Picked this up today don't know anything about it I can't find any info on this 16x20 model any information would be gratefuly appreciated


----------



## stoney (Jun 8, 2018)

Wow, pretty cool. Has some nice touches like the colors first of all. The matching color stripes on the seat and the checkered pedals. Nice find. Are your going to give it a good cleanup and show us?


----------



## jrcarz (Jun 8, 2018)

I love it. Really unique frame style. It is 100 % complete.  Very hard to find.  I have a 2 tone copper type color


----------



## stoney (Jun 9, 2018)

So cool


----------



## vastingray (Jun 9, 2018)

Started  cleaning it up today it’s coming back really nice


----------



## rfeagleye (Jun 9, 2018)

Nice find Tom! That is a good one, those 16 x 20 Fantastic Ones are HARD to find and yours is all original. I think it's a 1970. Congrats!


----------



## Hammer (Jun 9, 2018)

Keep them detailing pics coming, love the before and afters ln these cleanups!

Aaron


----------



## vastingray (Jun 10, 2018)

jrcarz said:


> I love it.
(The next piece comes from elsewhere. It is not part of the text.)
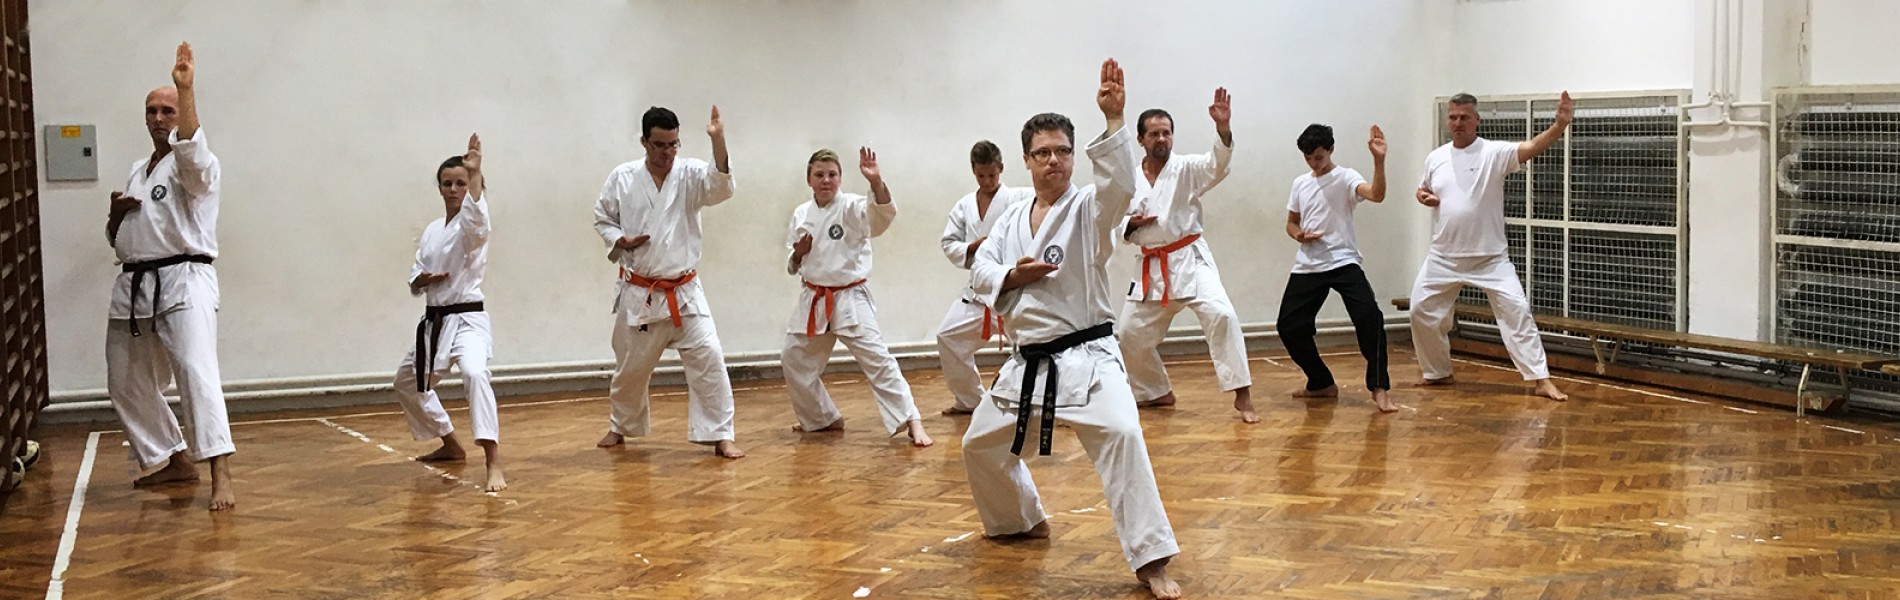 Wado-ryu karateoktatás Szegeden
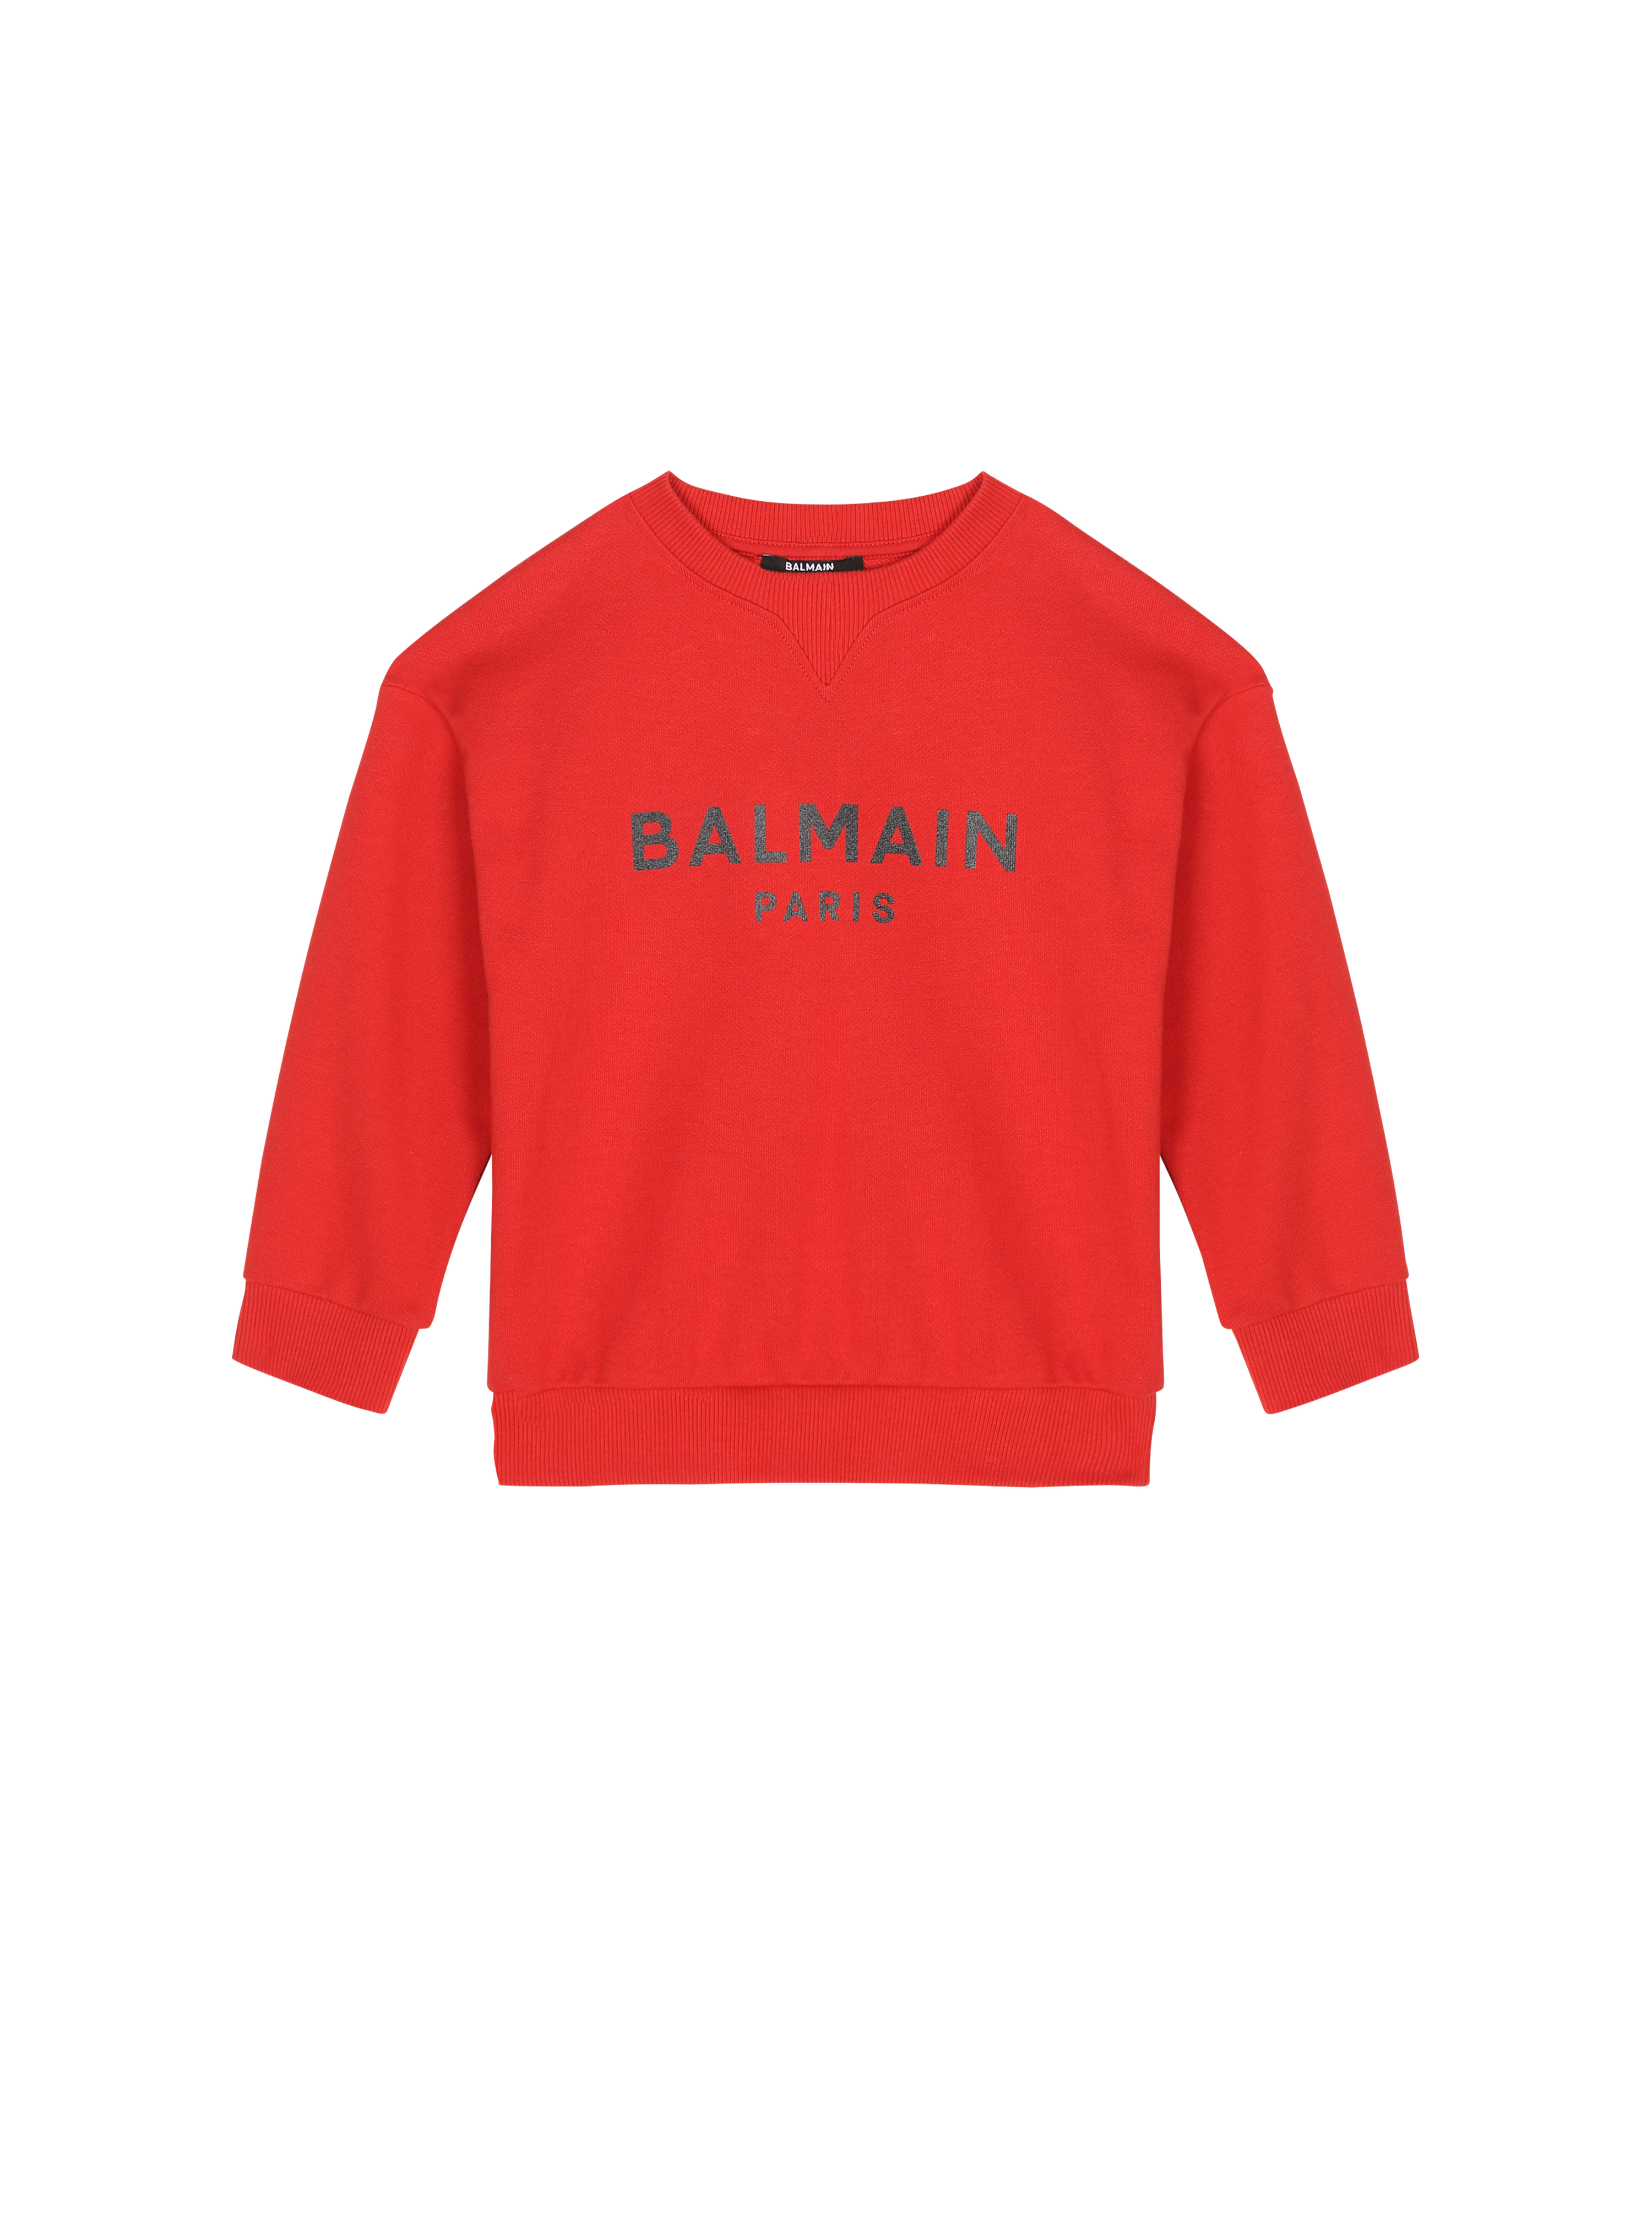 バルマンロゴ入りのコットン製セーター, 赤

Really unique frame style. It is 100 % complete.  Very hard to find.  I have a 2 tone copper type color
> 
> View attachment 821010



Wow yours is amazing


----------



## Freqman1 (Jun 12, 2018)

I had one of those in the same color I sold a couple of years ago. Kinda wish I would have kept it now! Nice job on the clean-up. V/r Shawn


----------